Rhubarb and strawberry is a classic and recurring combination. I may have gone against my aims for this year a little bit by buying the strawberries required to make this jam, but hey at least the Rhubarb was homegrown!

For this jam I didn’t follow a recipe as such, I just sort of made it up as I went along according to my normal jam procedure. I don’t like my jams to be very solid or overly sweet, so rather than the age old recipe of adding the same amount of sugar to fruit, I only use half. That is why I add pectin to help set the jam a bit, but not too much because I prefer a more liquid jam so it’s easier to mix into yoghurt and such. To be honest, I hardly eat jam on bread, mostly I put it in yoghurt or eat it with pancakes.

If you’re intending to spread it on toast and want a more solid texture, you may want to follow different instructions.

Ingredients:

Rhubarb stalks, cleaned and sliced 1cm thick

Strawberries – cleaned and quartered (or if the strawberries are huge, cut them in eighths)

Sugar (half the weight of the fruit)

Pectin (liquid)

Some lemon juice

Method:

Combine the chopped rhubarb, strawberries with sugar in a plastic/ceramic bowl. Let it sit at room temperature for 1-2 hours or until you can see plenty of liquid in the bowl. Then transfer the mixture to a sufficiently large pot and bring it to a boil. I prefer not to have hard chunks of rhubarb in my jam so I cooked it until everything had nearly fallen apart. If you like your jam with more solid pieces, reduce the cooking time as per your liking. Finally add the pectin according to its instructions (mine said use half a bottle for 1.5kg of fruit, but because I’m stingy and I didn’t want very solid jam, I used about a third of the bottle). Finish by simmering for another 2 minutes or however long the pectin instructions say.

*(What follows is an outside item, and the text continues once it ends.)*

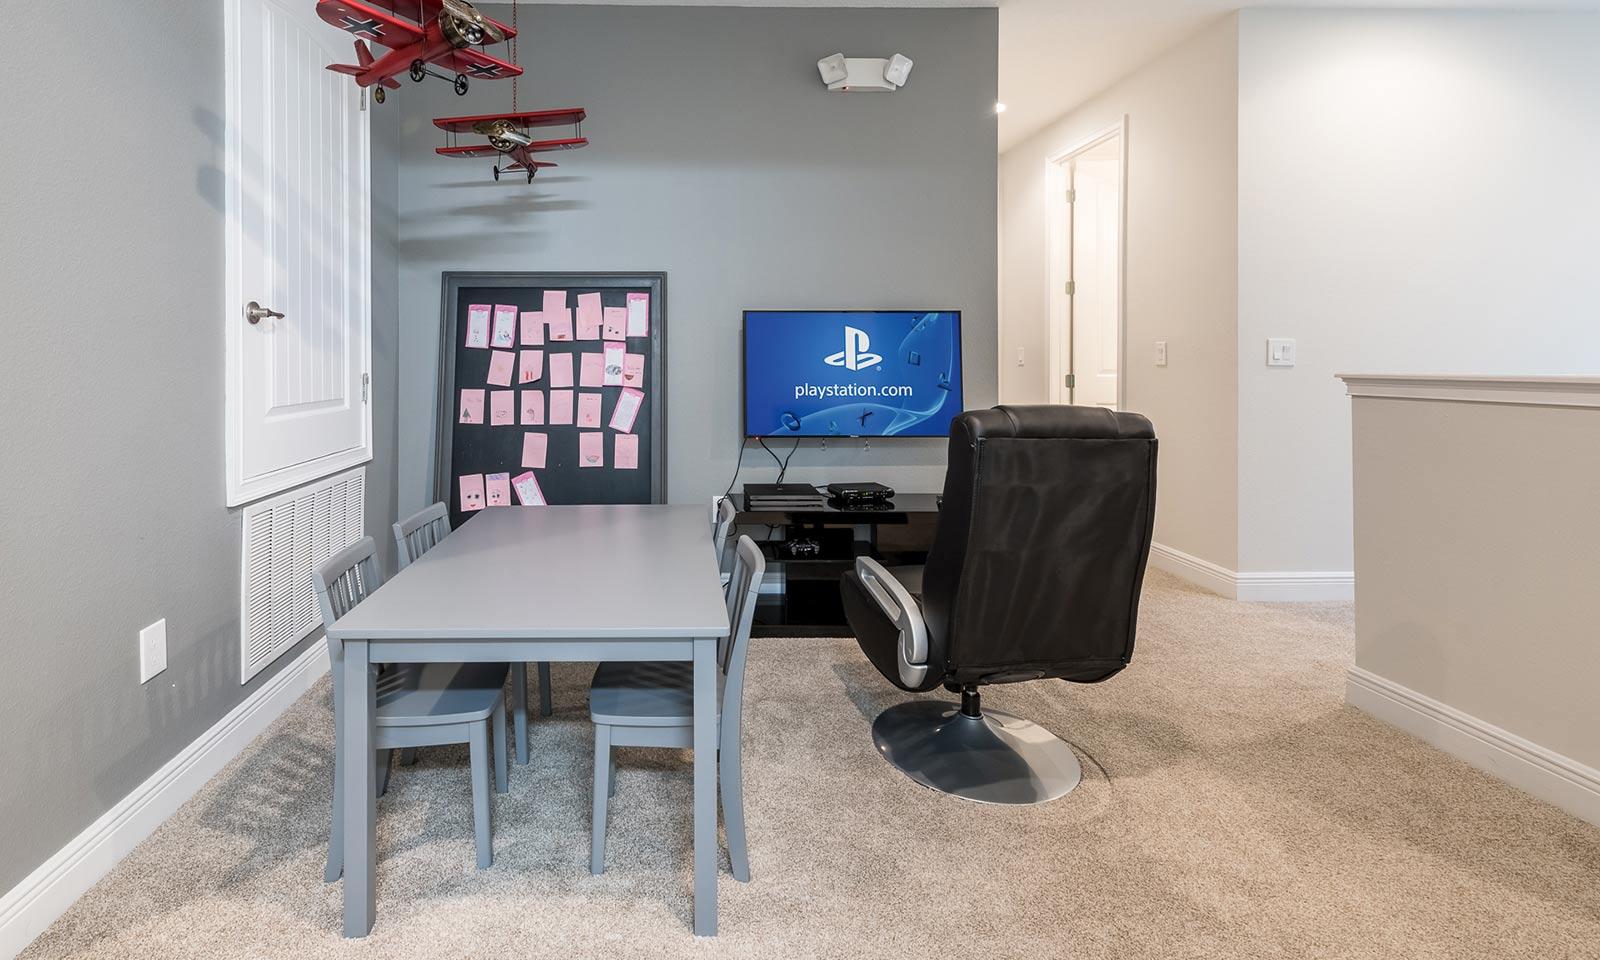 [amenities:video-games:3] Video Games

Transfer the hot jam into clean glass screw top jars as soon as possible and close the lids. They should create a vacuum as they cool down.

Note: This is the method my mother taught me whose mother taught her etc. etc. etc. I am aware that nowadays it is considered dangerous to simply fill glass jars with nearly boiling jam and close them and you are meant to process them in a water bath in order to kill any remaining microbes. But I am stubborn and I can’t be bothered. If after a few months of sitting in the pantry, the jams have got fungus on them, I don’t eat them. Simple as that. And with regards to invisible dangers such as botulism, I’m working on the basis that botulism occurs in low acid canned foods such as vegetables, whereas all of the ingredients in this jam are fairly acidic, and the added pectin and lemon juice helps bring the acid levels up further. However if you are in any way concerned, simply process the jars in a water bath canner after you’re done.

Note 2: You may substitute the pectin and sugar for jam making sugar (this is sugar with jam already mixed in). If you wish to use powdered pectin, you cannot just add it to the boiling jam in the end or it will make unsightly clumps (don’t ask me how I know)! Please reserve about a cup of sugar to mix with the pectin when you need to add it towards the end.